Few thought the Chelsea juggernaut could be stopped this season, but Didier Drogba always expected the title race to go down to the wire.

The west Londoners started the campaign in astonishing form, leading one bookmaker to pay out on them winning the Premier League after just 11 matches.

Chelsea boasted an eight-point cushion over Manchester City at that point, although that lead now stands at just three.

The gap would have been a single point had Manuel Pellegrini's men not blown a two-goal lead to draw with Burnley and fans' favourite Drogba insists complacency is not behind the difference being cut.

"I think it's going to be tough," Drogba said. "We knew it was not over.

"A few years ago, I think we were 11 or 12 points in front of Man United and then they won the league.

"So eight points or nine points - I don't know how many points we had on top of Man City - I think it is not enough.

"At that time of the season, it was too early, but I think now we start again a new championship. I think the game is on."

Chelsea will enter 2015 atop of the standings and were in the lead at Christmas - something which has proven a good omen in the past for Jose Mourinho.

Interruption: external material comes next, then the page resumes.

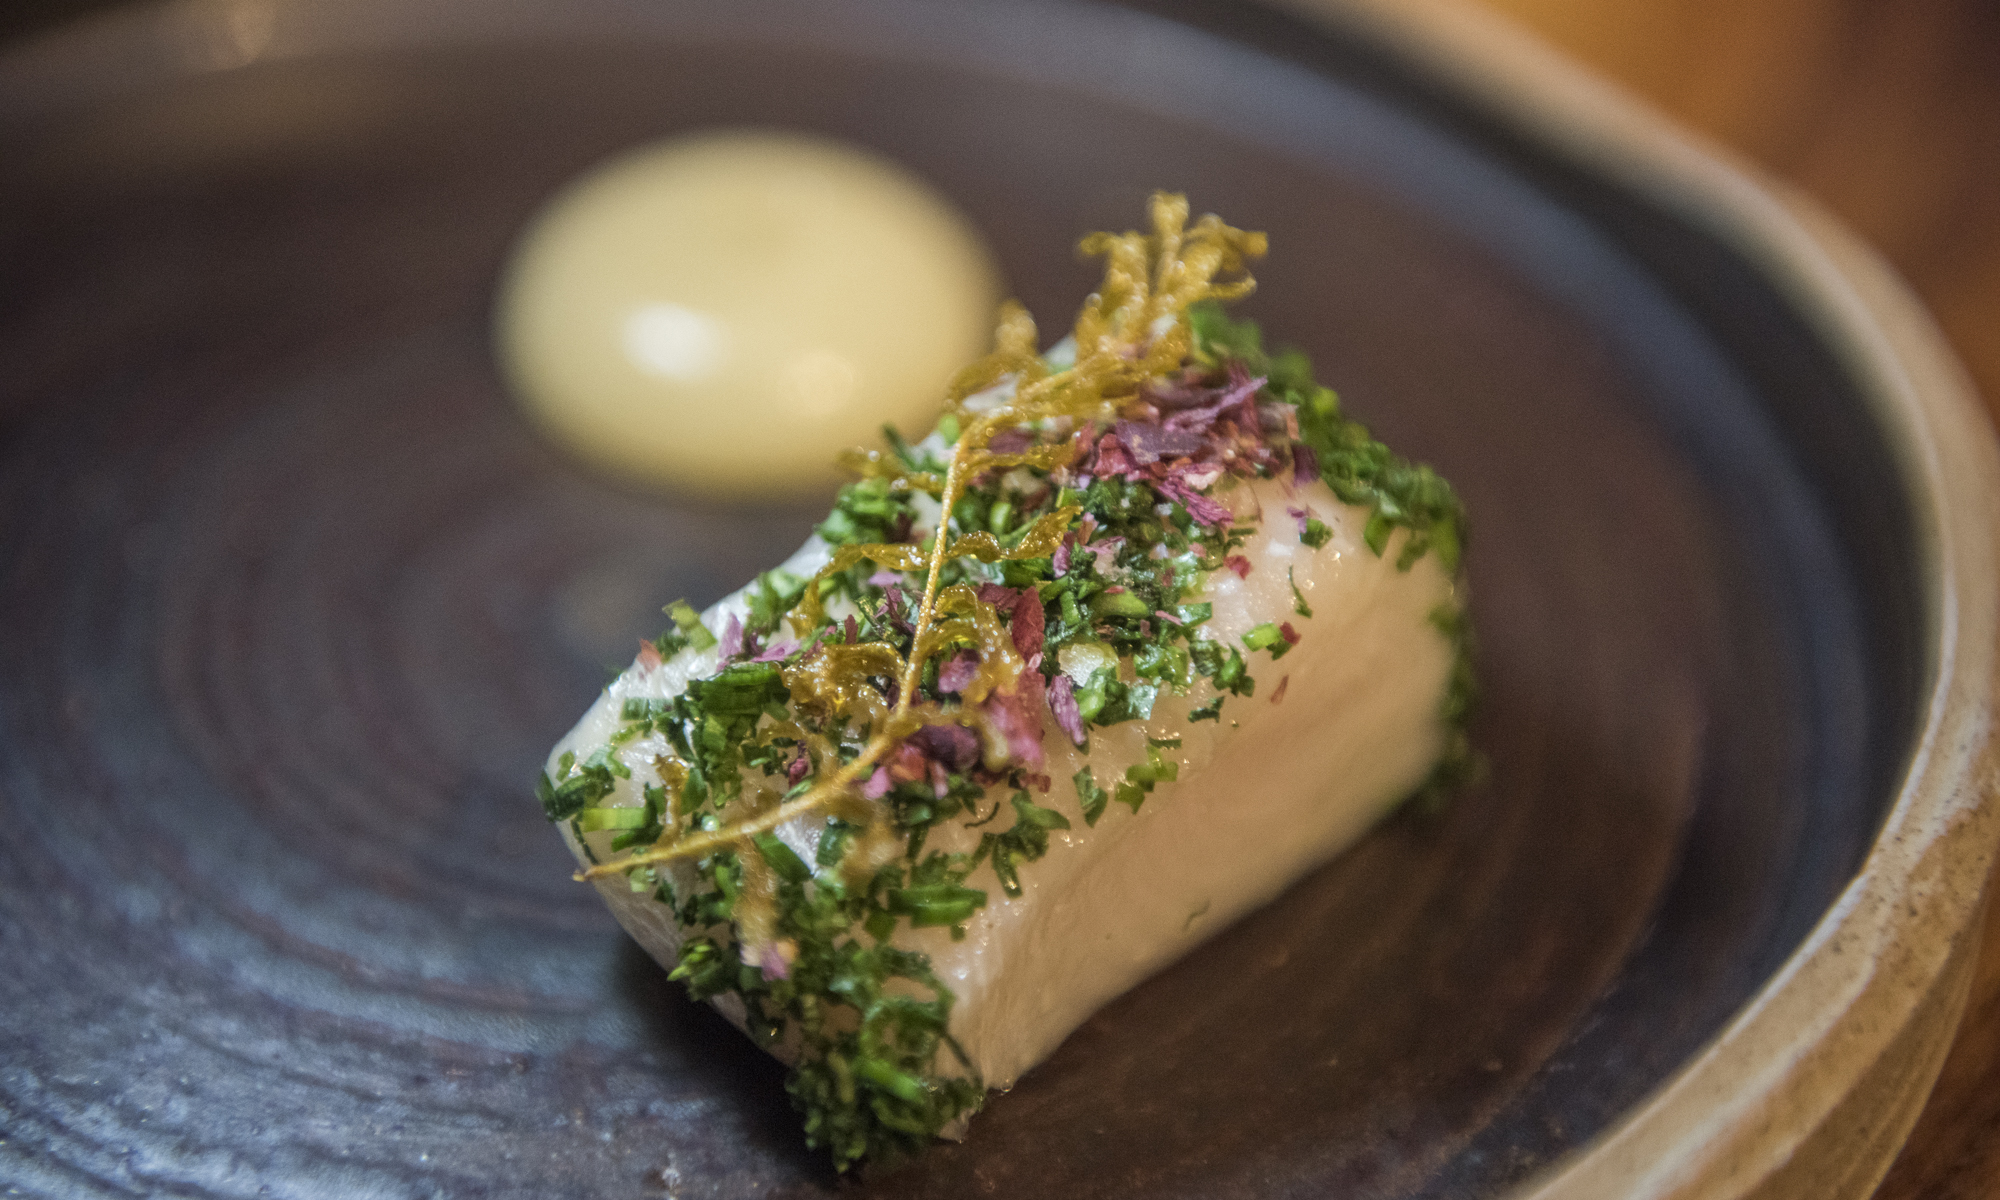 Toyo Eatery - mackerel.jpg (original size)

The Portuguese has won the league on all seven occasion his sides have been leading on December 25, but he suggests they would be in an even more comfortable position had the Blues not been the victim of a diving campaign.

Mourinho went on that rant after being denied what he felt was a potentially match-defining penalty early in the second half of Sunday's 1-1 draw at Southampton, when Cesc Fabregas went down under pressure from Matt Targett.

Instead of a spot-kick, however, referee Anthony Taylor deemed it a dive and booked the infuriated Spanish midfielder - part of a what Mourinho believes is a growing movement against his side.

"It's difficult from the bench to see, but I think the referee was close enough," Drogba said of the Fabregas incident. "It's his (the referee's) opinion. I don't know what to say."